Material provided:
┌──
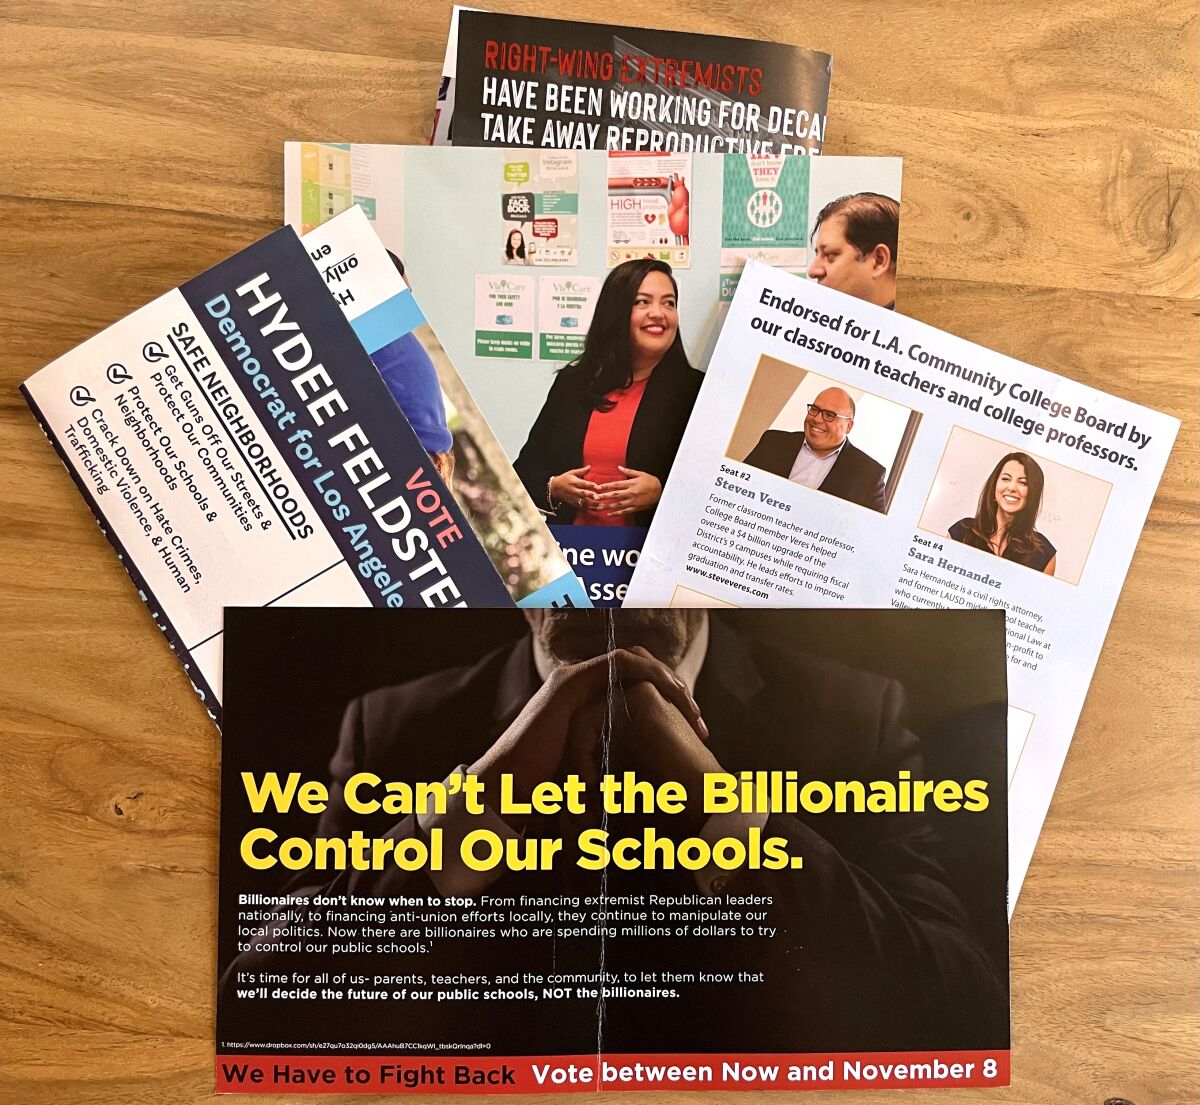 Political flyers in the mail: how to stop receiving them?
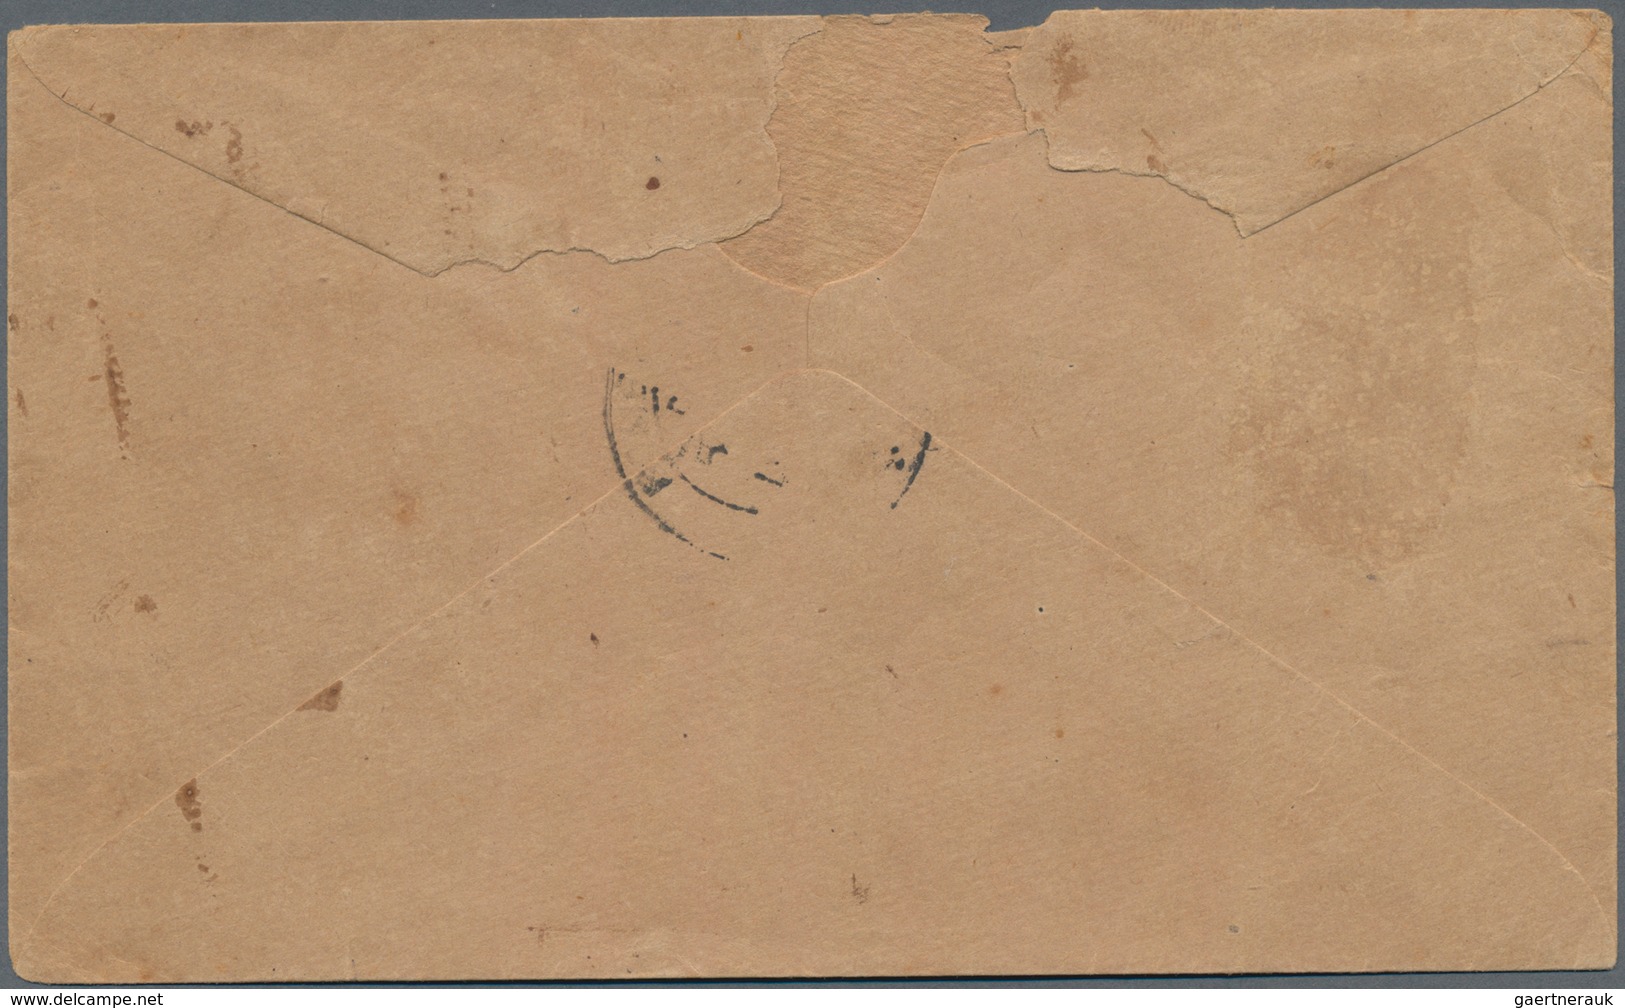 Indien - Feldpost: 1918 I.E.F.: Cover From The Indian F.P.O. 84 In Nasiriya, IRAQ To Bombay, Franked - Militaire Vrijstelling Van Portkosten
└──
┌──
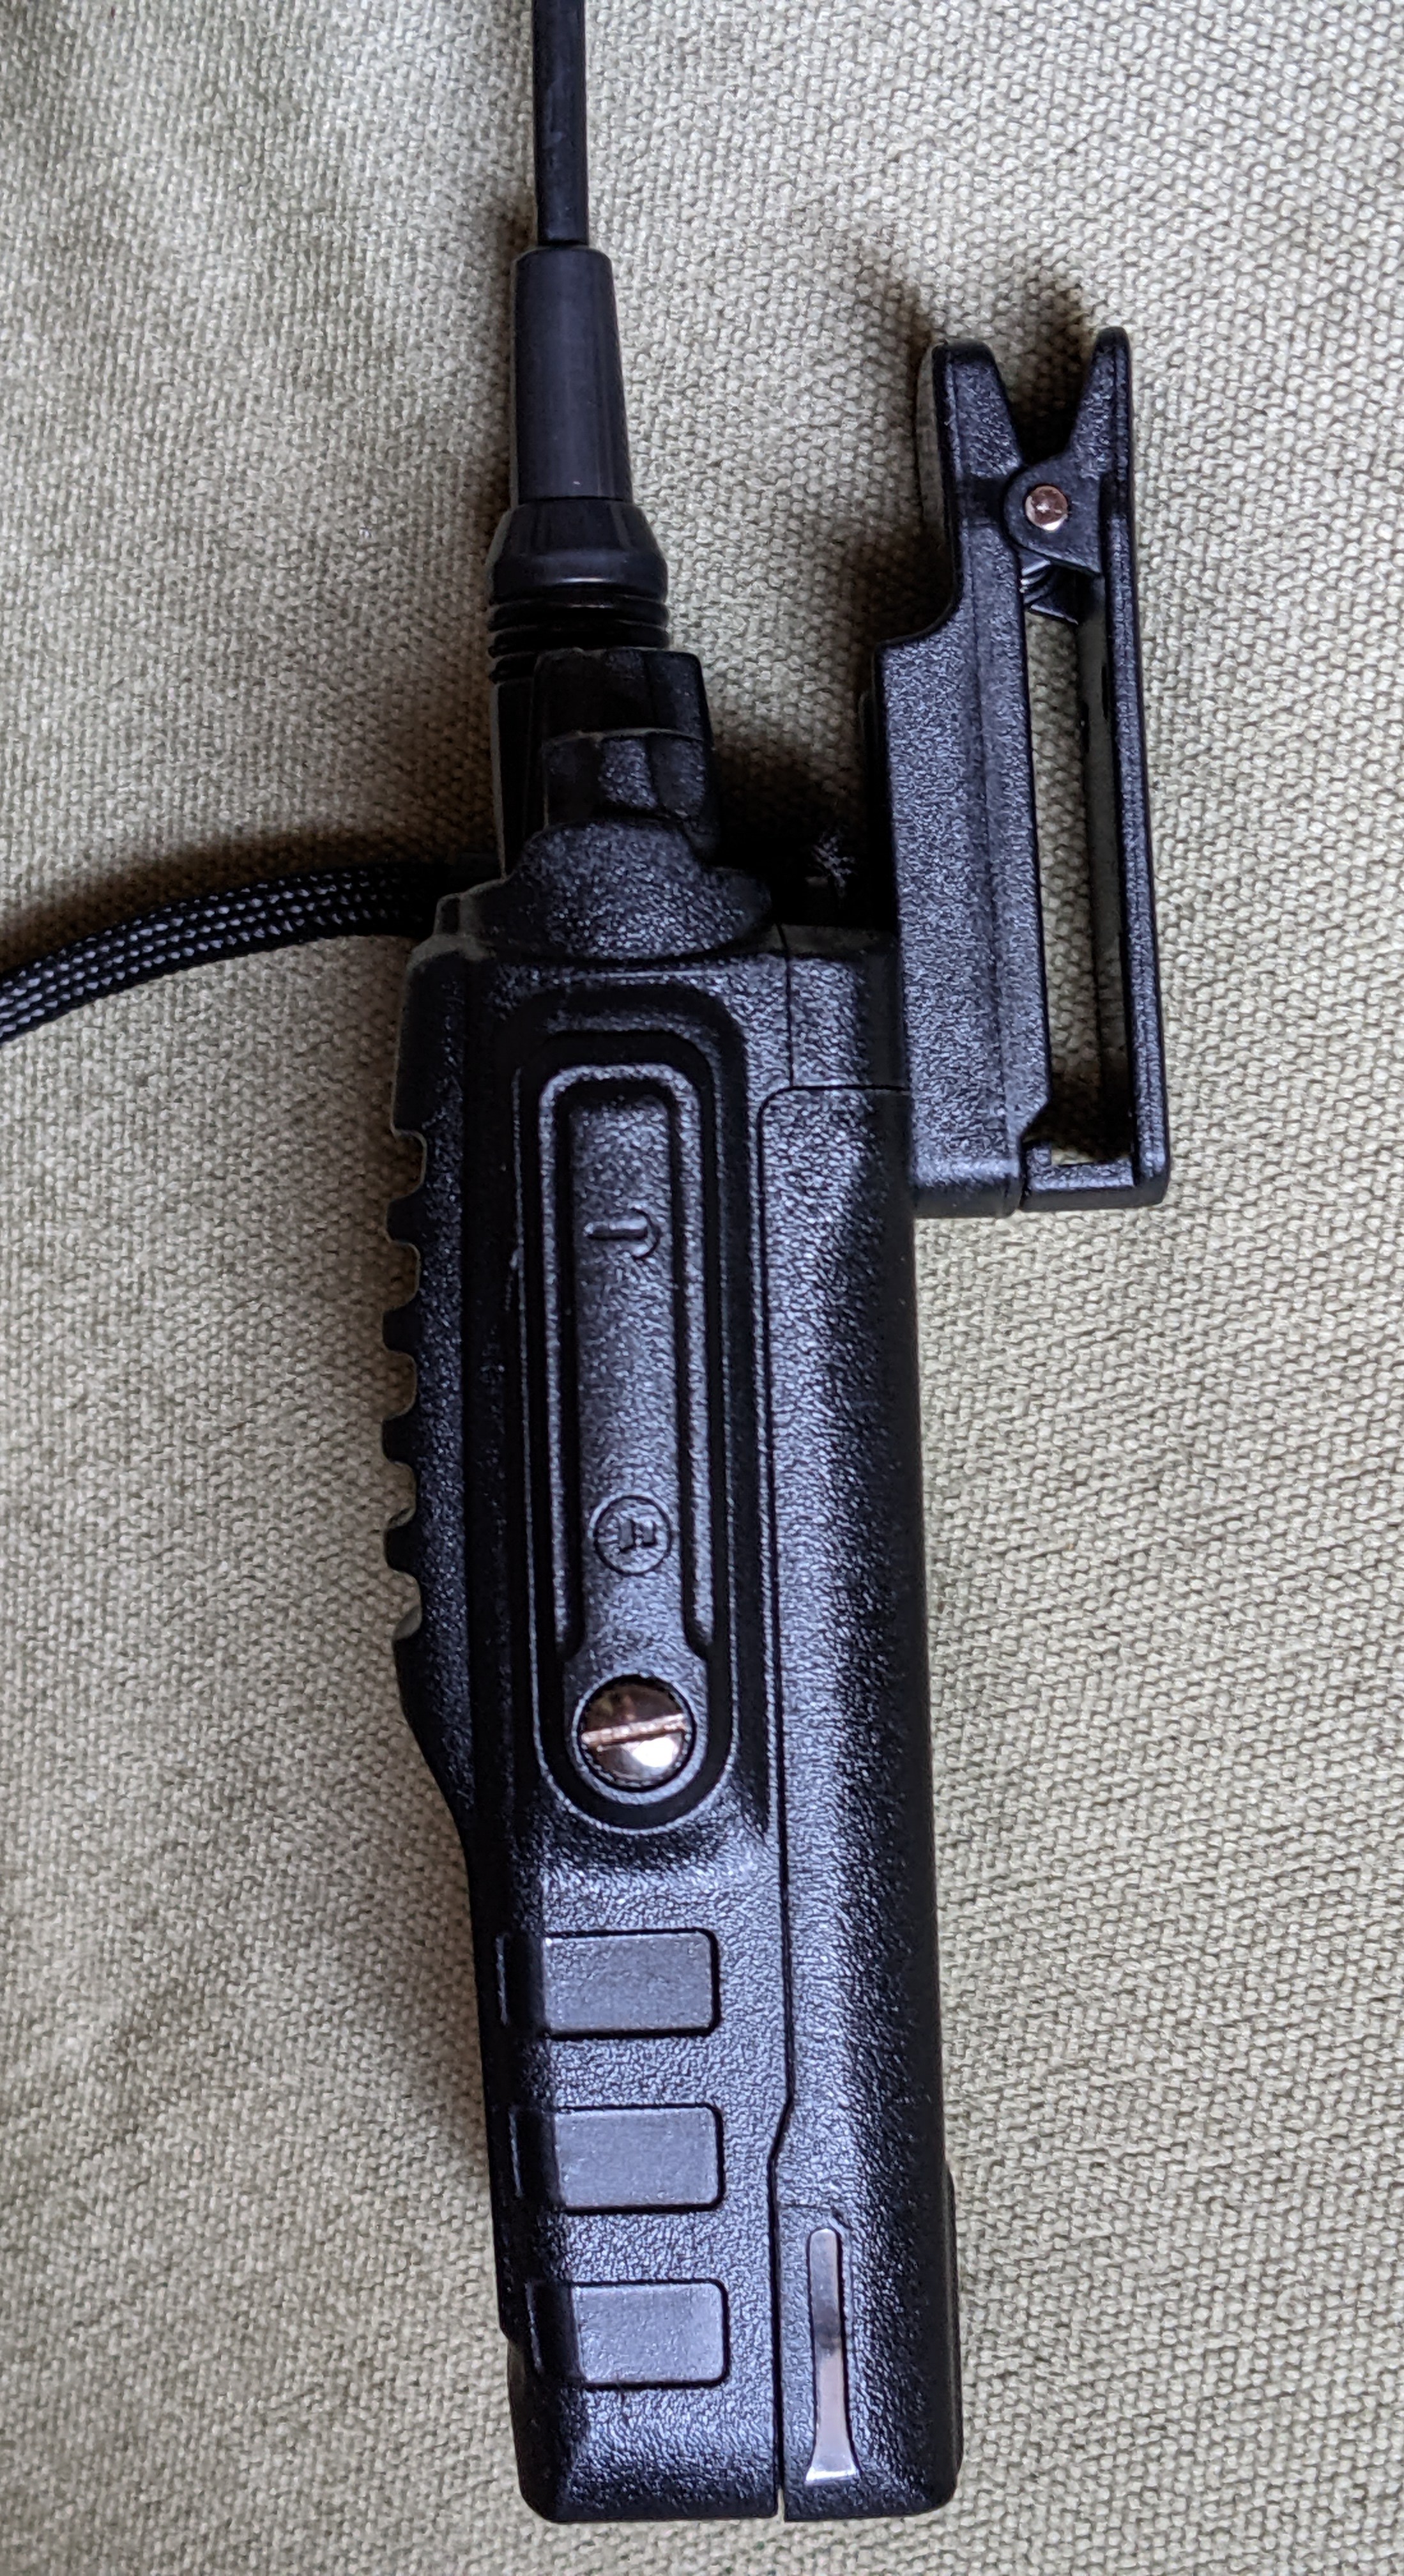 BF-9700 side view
└──
┌──
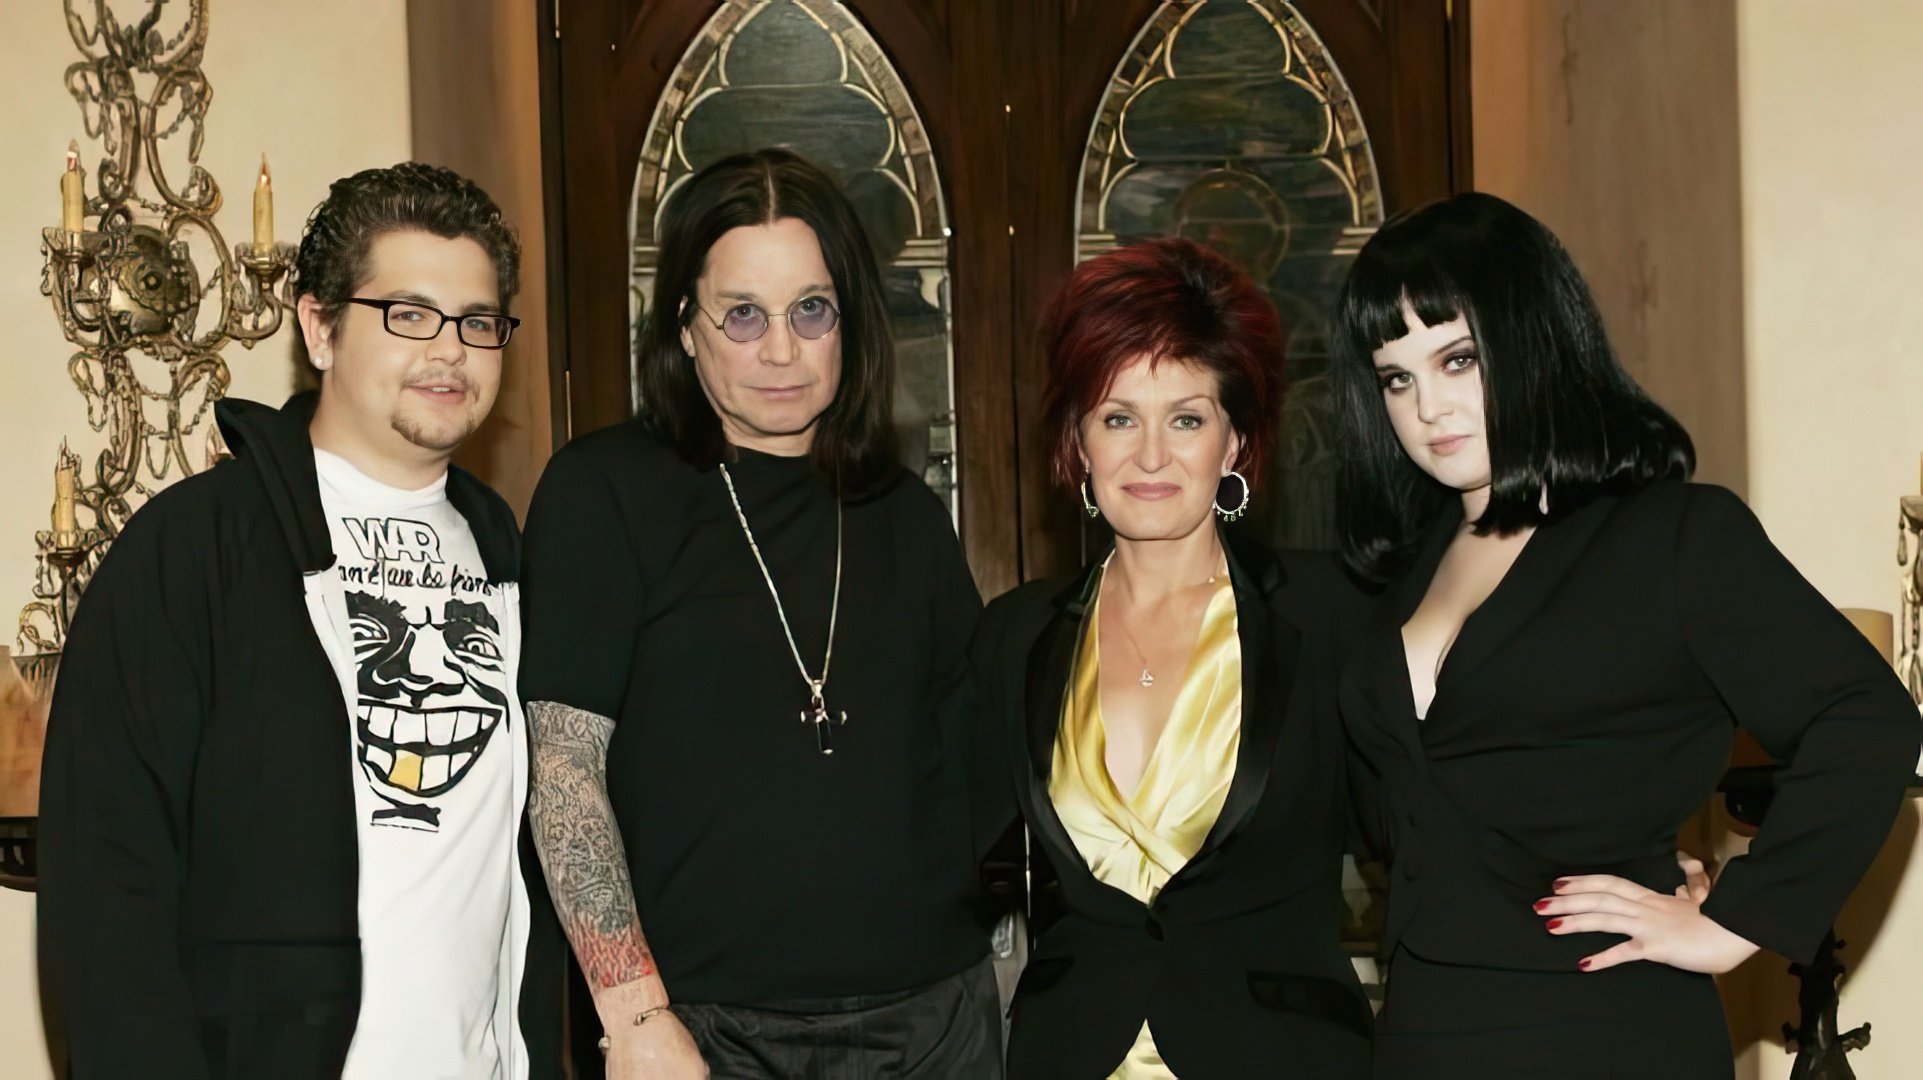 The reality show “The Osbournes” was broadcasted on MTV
└──
What to produce:
Using the entries above, transcribe exactly from the line that has "Political flyers in" through the line that has "Indien - Feldpost: 1918". Pictures are dropped.

Response to this task:
 Political flyers in the mail: how to stop receiving them?
 Indien - Feldpost: 1918 I.E.F.: Cover From The Indian F.P.O. 84 In Nasiriya, IRAQ To Bombay, Franked - Militaire Vrijstelling Van Portkosten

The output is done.